## Available records:
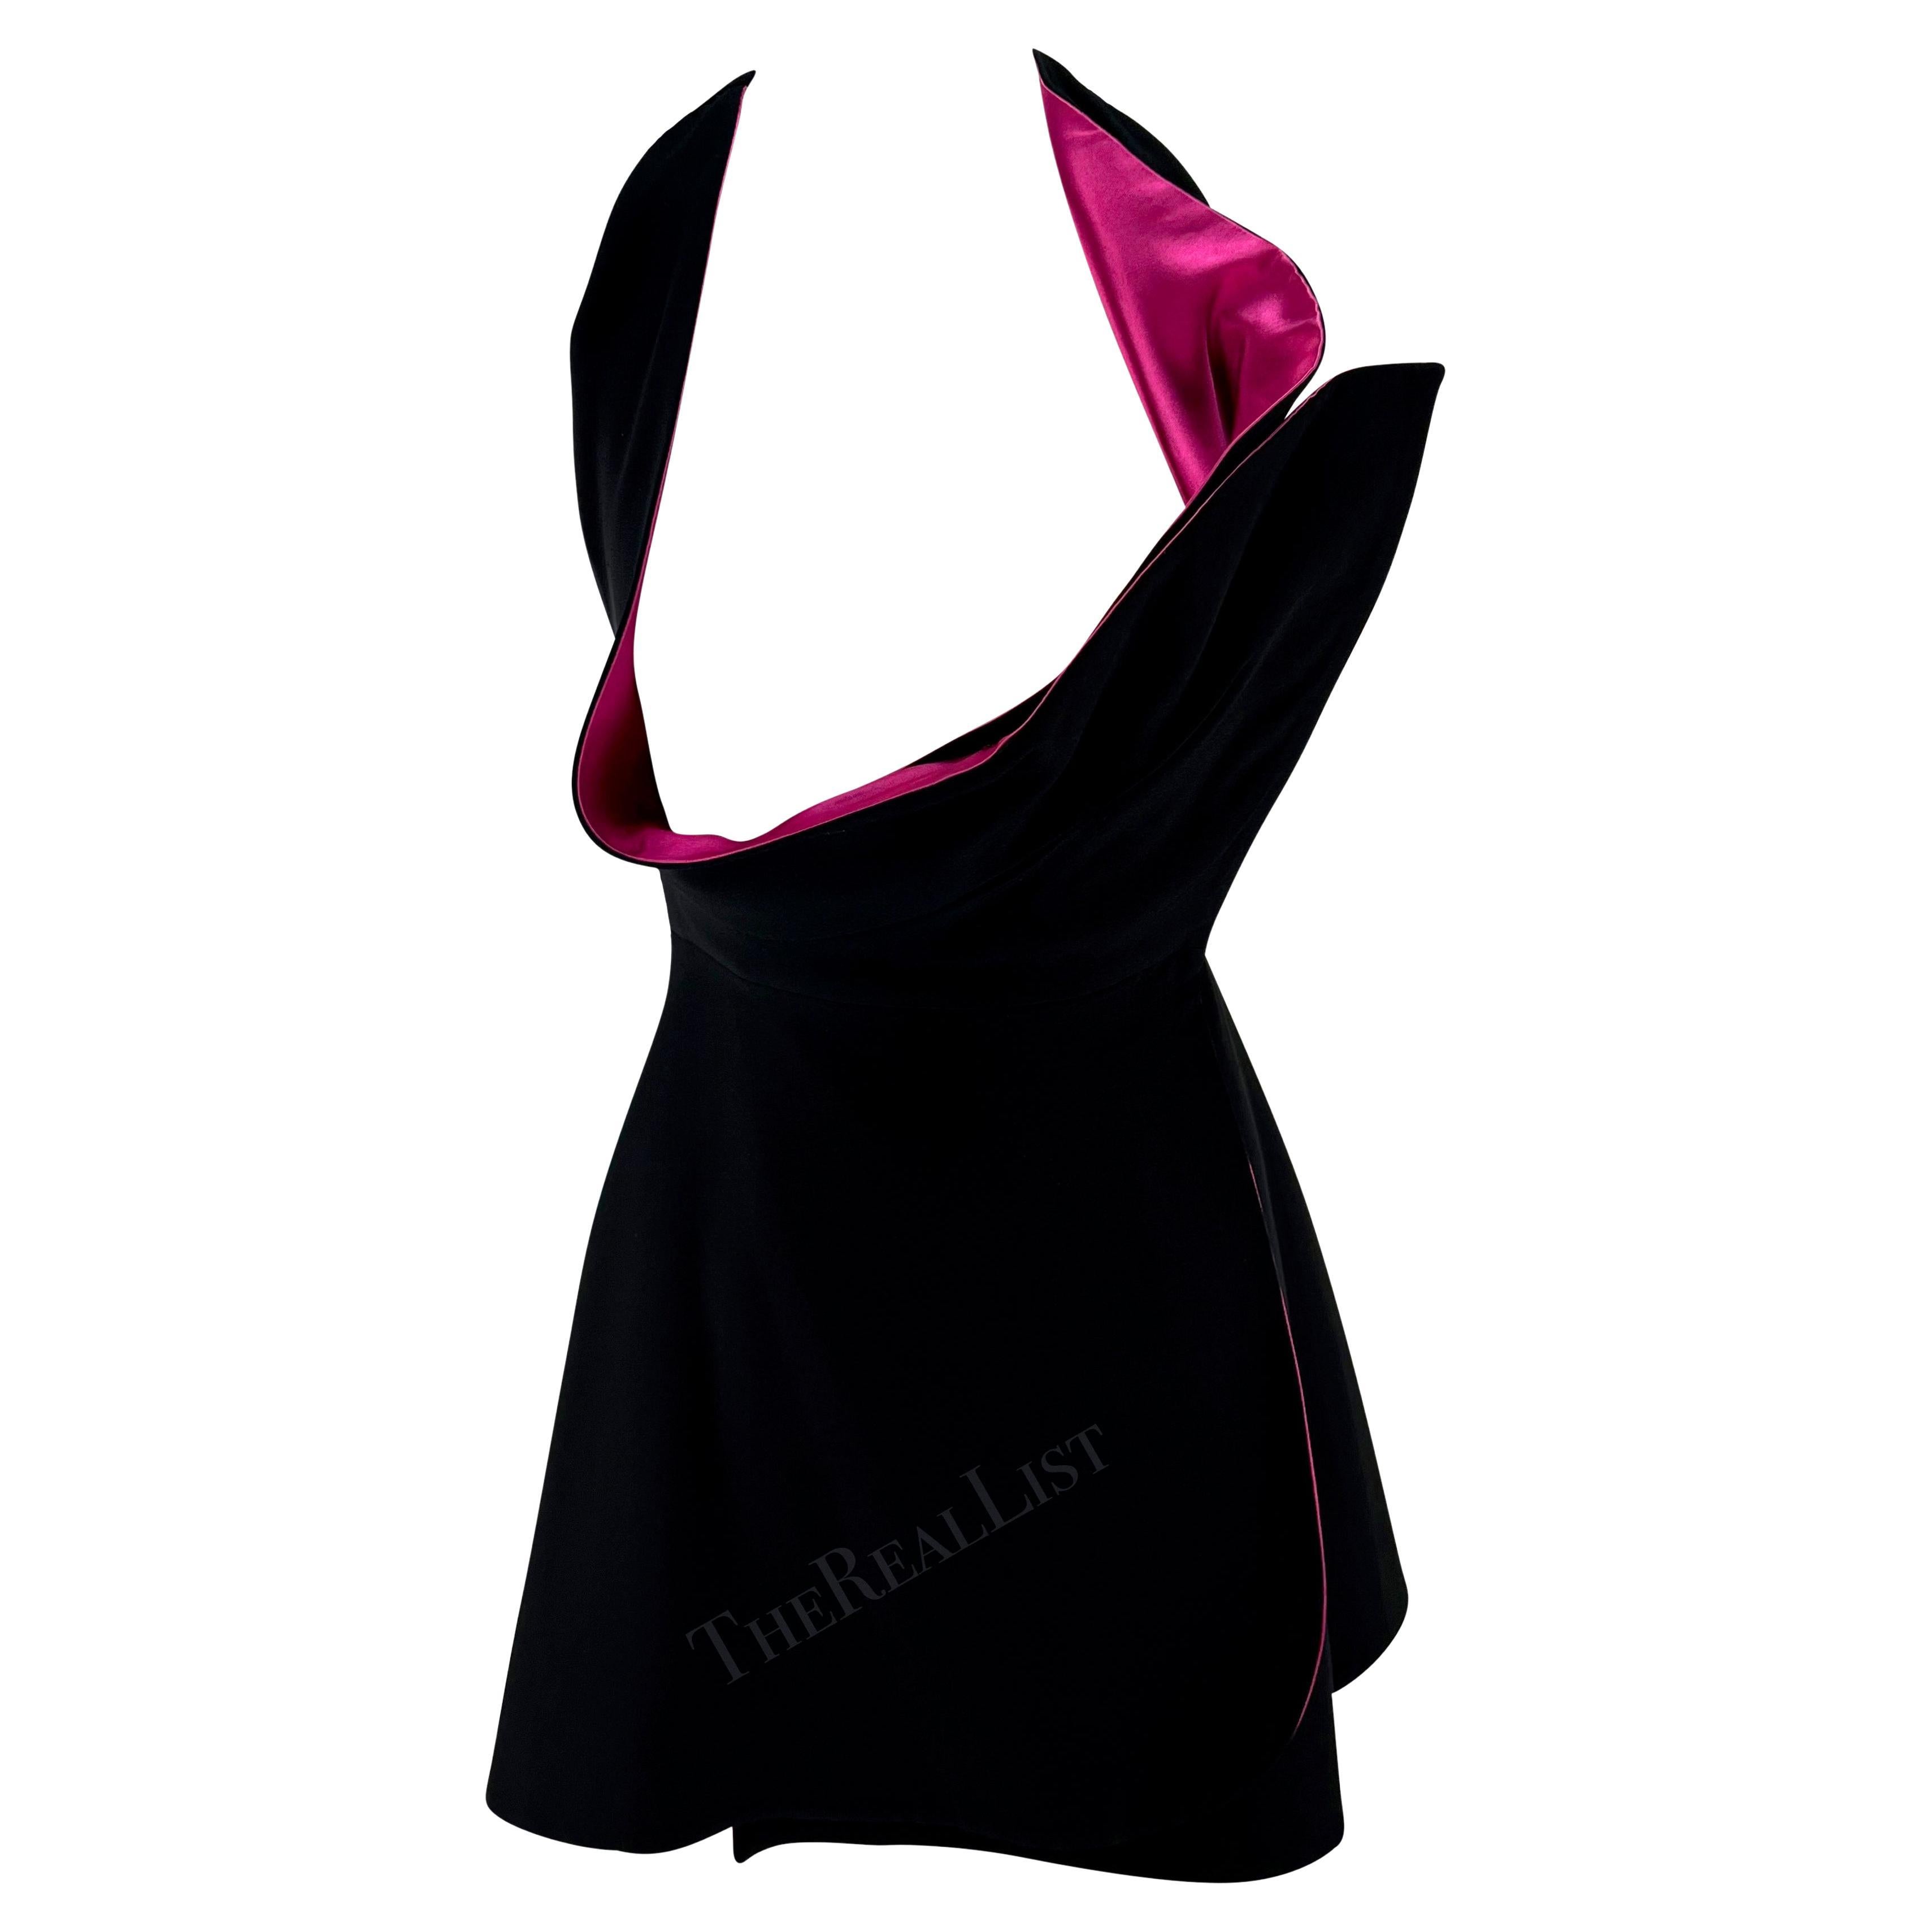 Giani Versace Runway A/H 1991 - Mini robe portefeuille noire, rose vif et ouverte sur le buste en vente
---
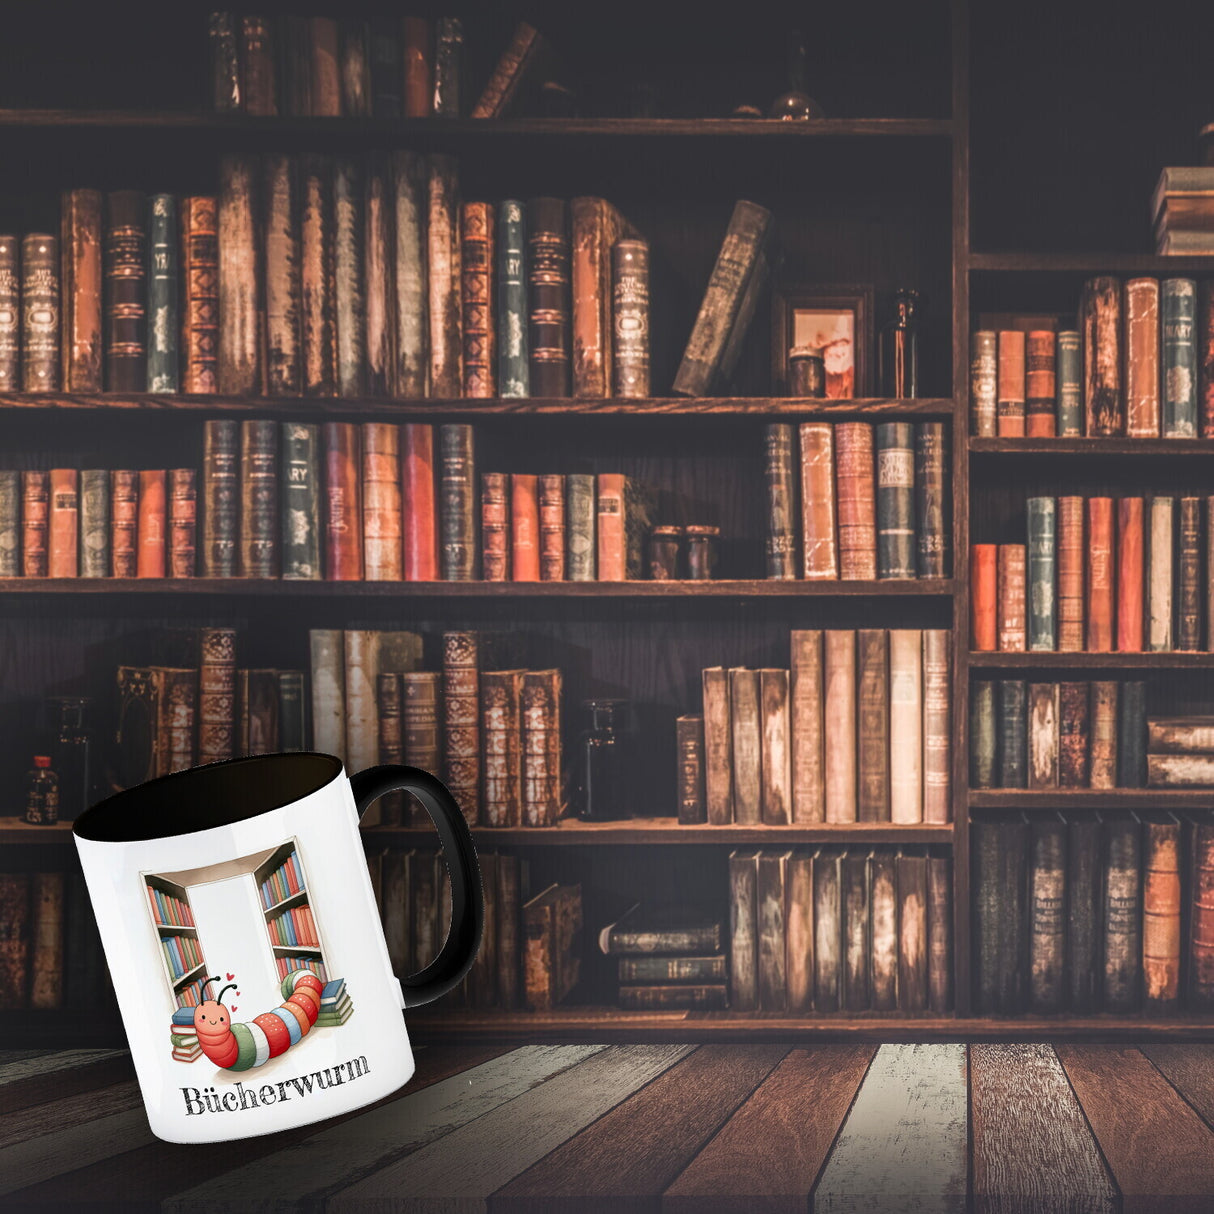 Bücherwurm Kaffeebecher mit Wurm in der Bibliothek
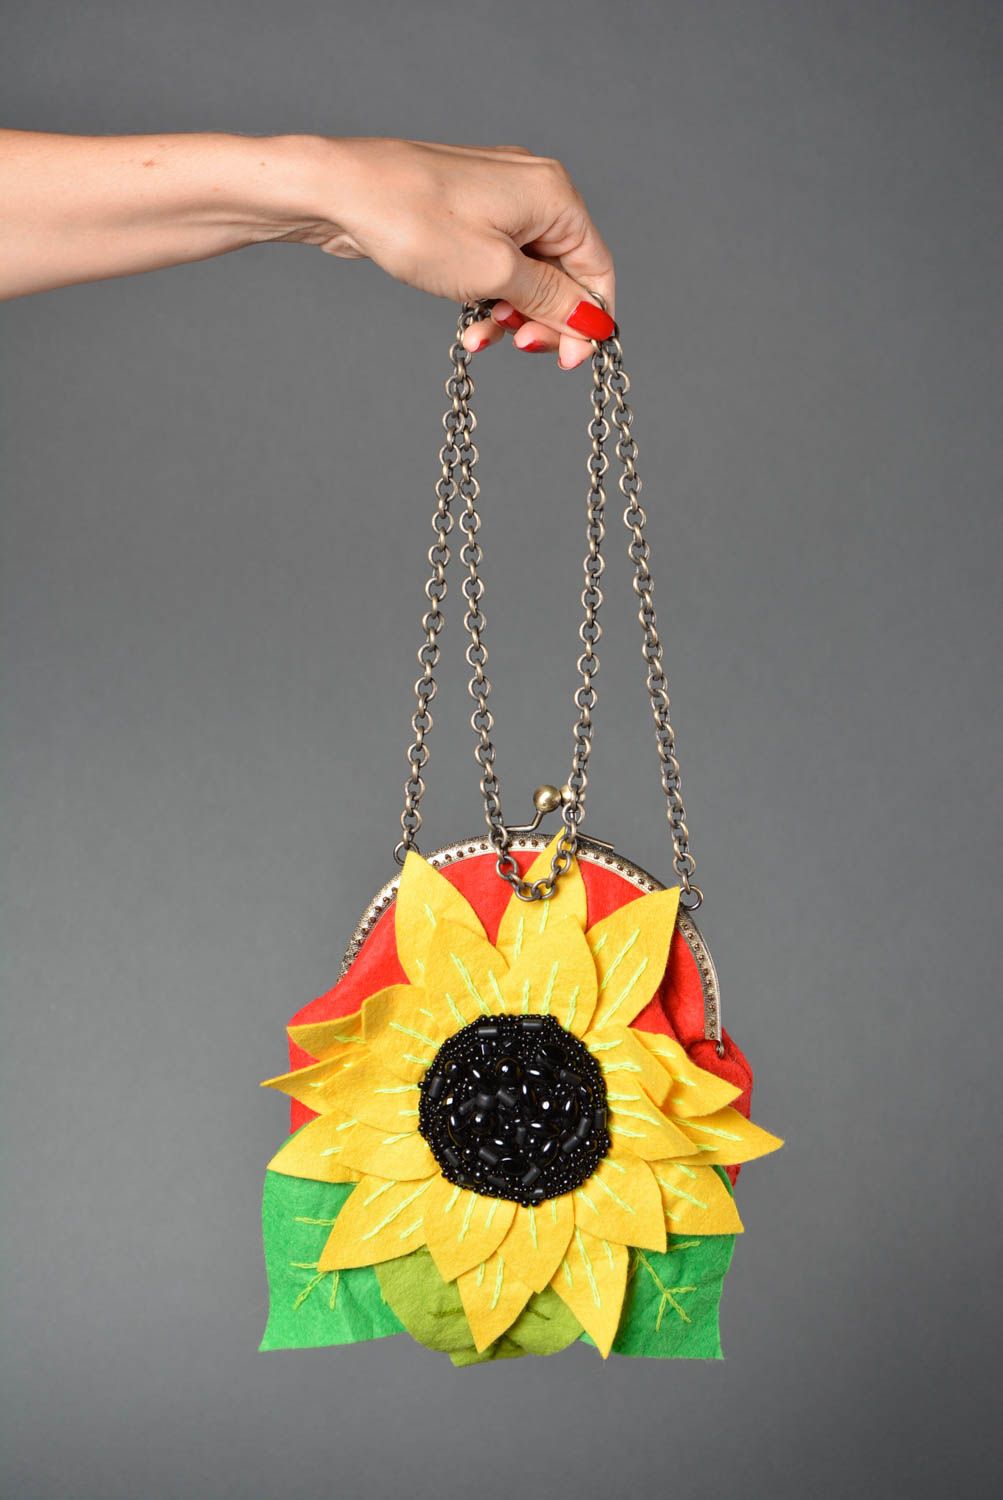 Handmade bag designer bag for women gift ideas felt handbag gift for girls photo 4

## What this task involves:
In the listing above, find the line with "Bücherwurm Kaffeebecher mit" and the line with "Handmade bag designer". Set down exactly those lines and everything between them, skipping pictures.

## Your response:
 Bücherwurm Kaffeebecher mit Wurm in der Bibliothek
 Handmade bag designer bag for women gift ideas felt handbag gift for girls photo 4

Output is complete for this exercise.